Lean analysis is a promising approach to improve the quality of healthcare. Originally used in the manufacturing sector to increase efficiency [1], lean analysis breaks complex processes into parts and identifies each part as either “value added” or “non-value added.” [2] Lean guided efforts create value for patients by maximizing the value-added parts while minimizing the non-value added parts.
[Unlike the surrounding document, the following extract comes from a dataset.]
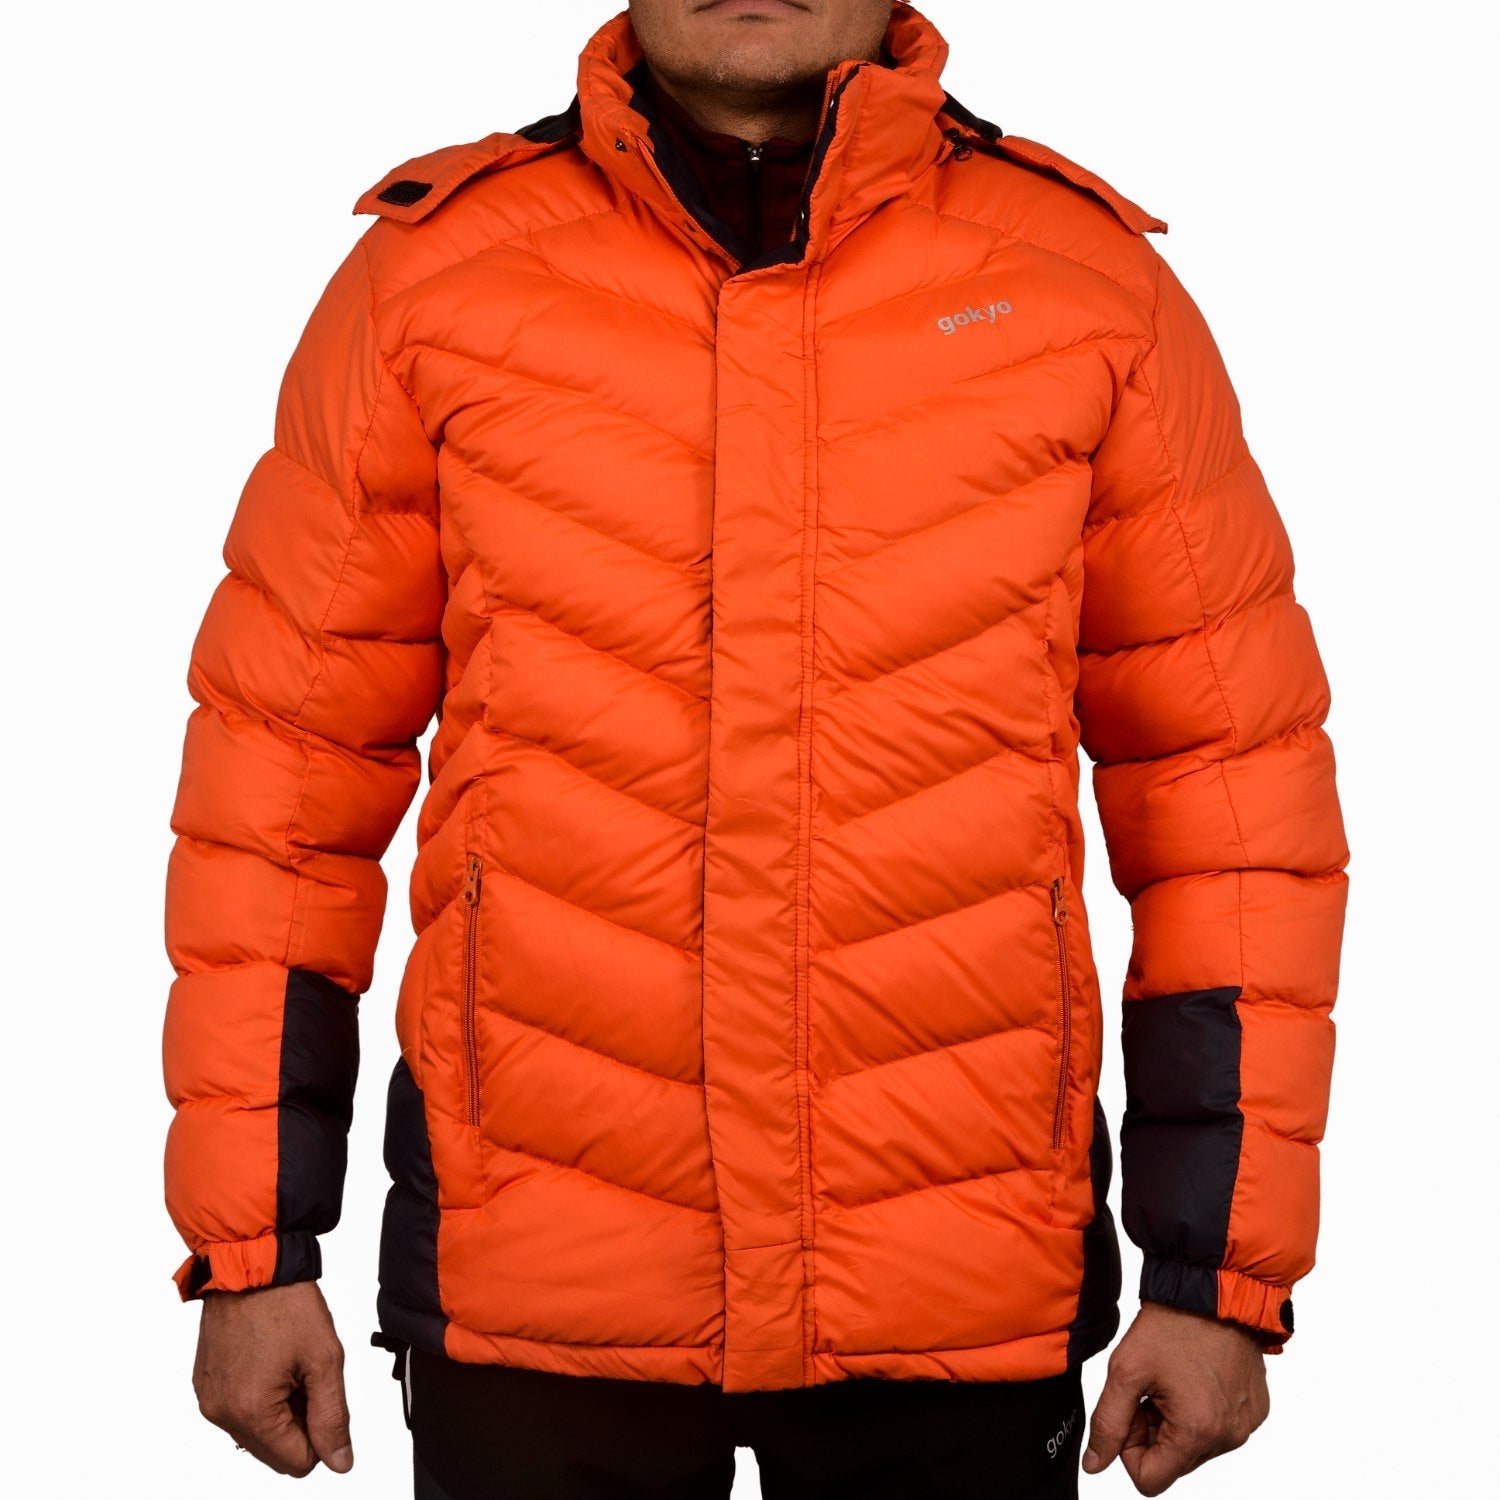 Buy K2 Survivor Down Jacket Orange at Gokyo Outdoor Clothing & Gear

However, quantifying the impact of an operations change has traditionally required a labor-intensive process of manually observing each individual step in the process [3,4,5,6,7]. As a result, large-scale time-and-motion studies in clinics can be extremely expensive and cost-prohibitive [7, 8]. With the 2009 Health Information Technology for Economic and Clinical Health (HITECH) Act and rapid adoption of electronic health records (EHR), many hoped that audit log data mining could unveil detailed real-world clinic workflow timing [9,10,11,12]. Unfortunately, EHR logs do not capture patient or provider presence. Physicians who talk to their patients before sitting down at the computer to type notes have delayed audit logs that, in effect, represent talk-time as wait time. Presently, it is not possible to measure absolute patient-centered time study data with the EHR alone [13, 14]. Furthermore, EHR data requires retrieval and processing after an encounter is finished, making rapid clinical optimization difficult [15, 16].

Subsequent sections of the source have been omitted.